Data no longer seems to be the bottleneck. Which is understandable. At the end of the day, data is really just a way to get the AI to make a predicion and run gradient descent on it. If you can generate for example a bunch of unit tests, you can let the AI freewheel its way into getting them to pass. A kid learns to catch a baseball not by seeing a million examples of people catching balls, but instead by testing their skills in the real world, and gathering feedback from the real world on whether their attempt to catch the ball was successful. If an AI can try to achieve goals and assess whether or not its actions lead to a successful or a failed attempt, who needs more data?
fragmede|6 months ago
The other fundamental bottleneck is compute. Moore's law hasn't gone away, so if the LLM was GPT-3, and used 1 supercomputer's worth of compute for 3 months back in 2022, and the supercomputer used for training is, say, three times more powerful (3x faster CPU and 3x the RAM), then training on a latest generation supercomputer should lead to a more powerful LLM simply by virtue of scaling that up and no algorithmic changes. The exact nature of the improvement isn't easily back of the envelope calculatable, but even with a laymen's understanding of how these things work, that doesn't seem like an unreasonable assumption on how things will go, and not "AI CEOs talking their book". Simply running with a bigger context window should allow the LLM to be more useful.
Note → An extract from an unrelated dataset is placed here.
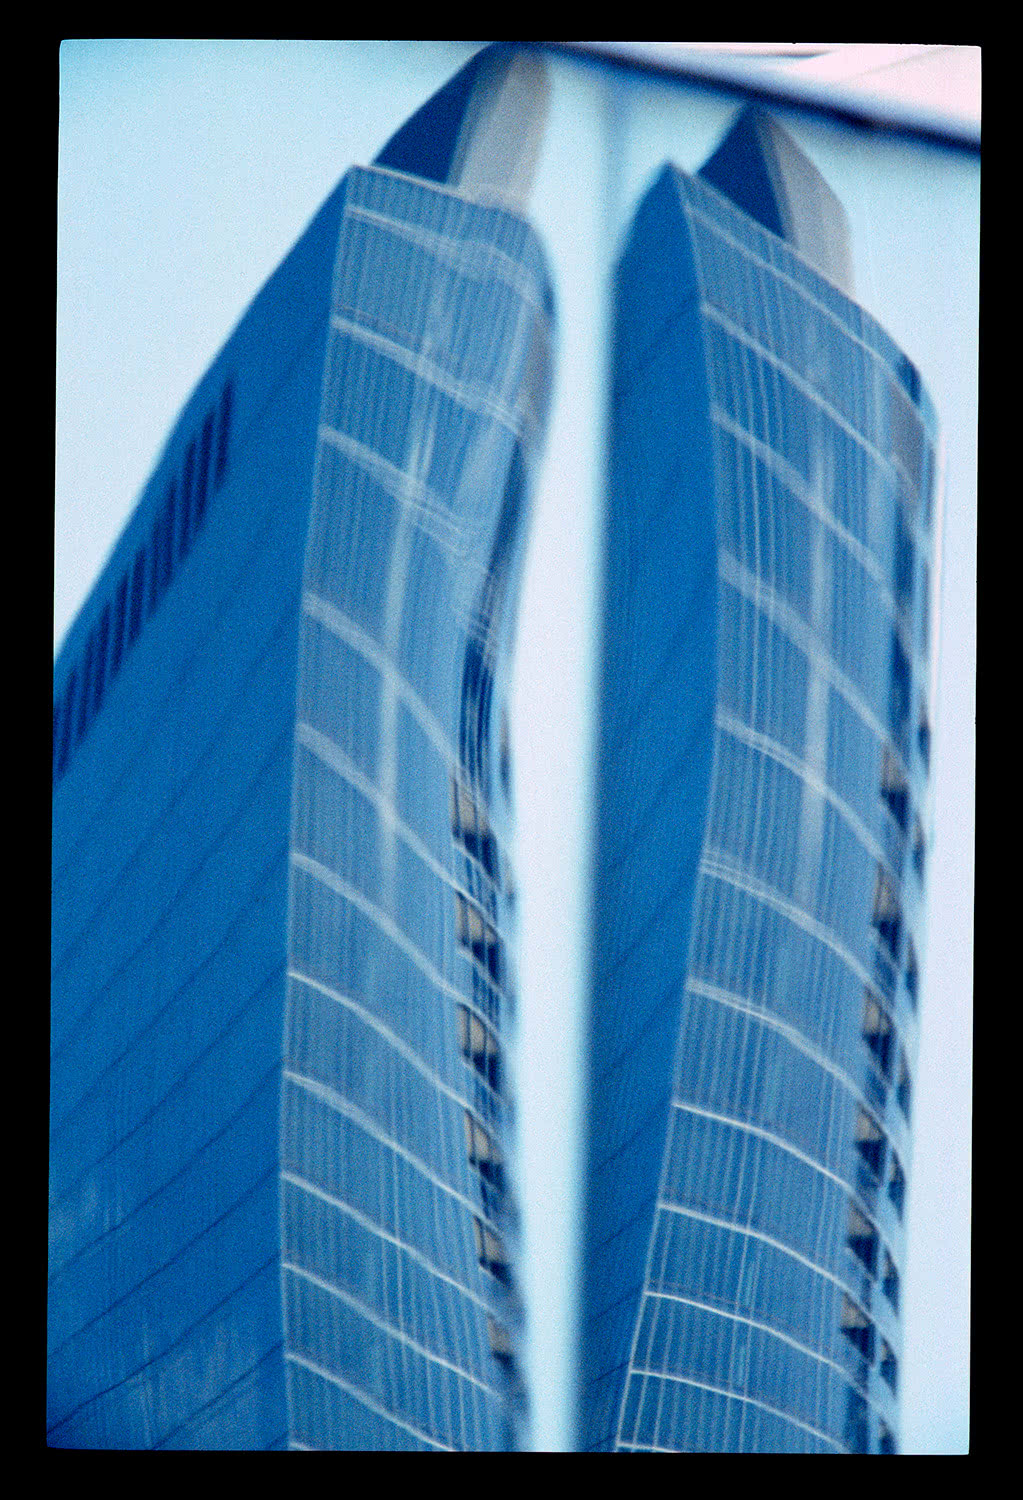 Melbourne city building reflections
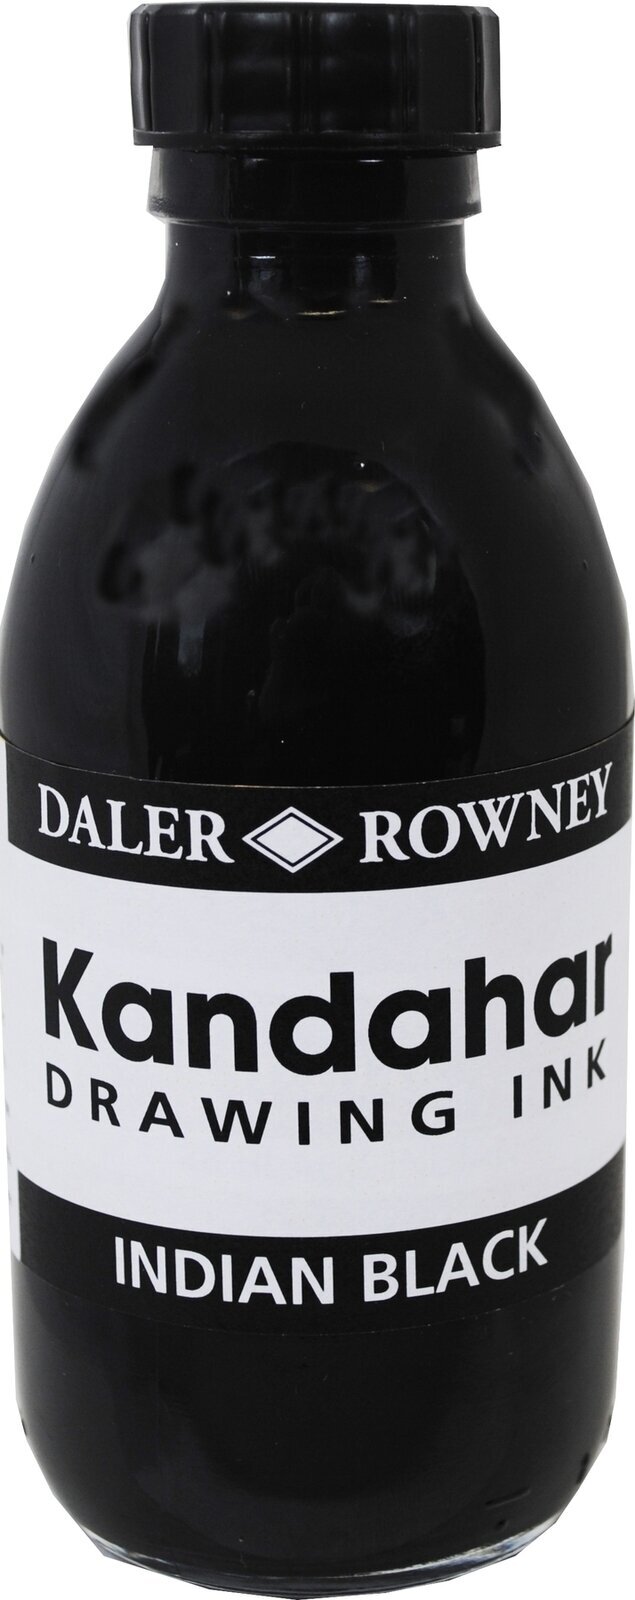 Atrament Daler Rowney Kandahar Kreslící tuš Black 175 ml 1 ks

Finally though, why do you assume that, absent papers up on arvix, that there haven't and won't be any algorithmic improvements to training and inference? We've already seen how allowing the LLM to take longer to process the input (eg "ultrathink" to Claude) allows for better results. It seems unlikely that all possible algorithmic improvements have already been discovered and implemented. Just because OpenAI et Al aren't writing academic papers to share their discovery with the world and are, instead, preferring to keep that improvement private and proprietary, in order to try and gain a competitive edge in a very competitive business seems like a far more reasonable assumption. With literal billions of dollars on the line, would you spend your time writing a paper, or would you try and outcompete your competitors? If simply giving the LLM longer to process the input before user facing output is returned, what other algorithmic improvements on the inference side on a bigger supercomputer with more ram available to it are possible? Deepseek seems to say there's a ton of optimization still as of yet to be done.
Happy to hear opposing points of view, but I don't think any of the things I've theorized here to be totally inconceivable. Of course there's a discussion to be had about diminishing returns, but we'd need a far deeper understanding is the state of the art on all three facets I raised in order to have an in depth and practical discussion on the subject. (Which tbc I'm open to hearing, though the comments section on HN is probably not the platform to gain said deeper understanding of the subject at hand).
ACCount36|6 months ago
Unlocking better sample efficiency is algorithmically hard and computationally expensive (with known methods) - but if new high quality data becomes more expensive and compute becomes cheaper, expect that to come into play heavily.
"Produce plausible text" is by itself an "AGI complete" task. "Text" is an incredibly rich modality, and "plausible" requires capturing a lot of knowledge and reasoning. If an AI could complete this task to perfection, it would have to be an AGI by necessity.
We're nowhere near that "perfection" - but close enough for LLMs to adopt and apply many, many thinking patterns that were once exclusive to humans.
Certainly enough of them that sufficiently scaffolded and constrained LLMs can already explore solution spaces, and find new solutions that eluded both previous generations of algorithms and humans - i.e. AlphaEvolve.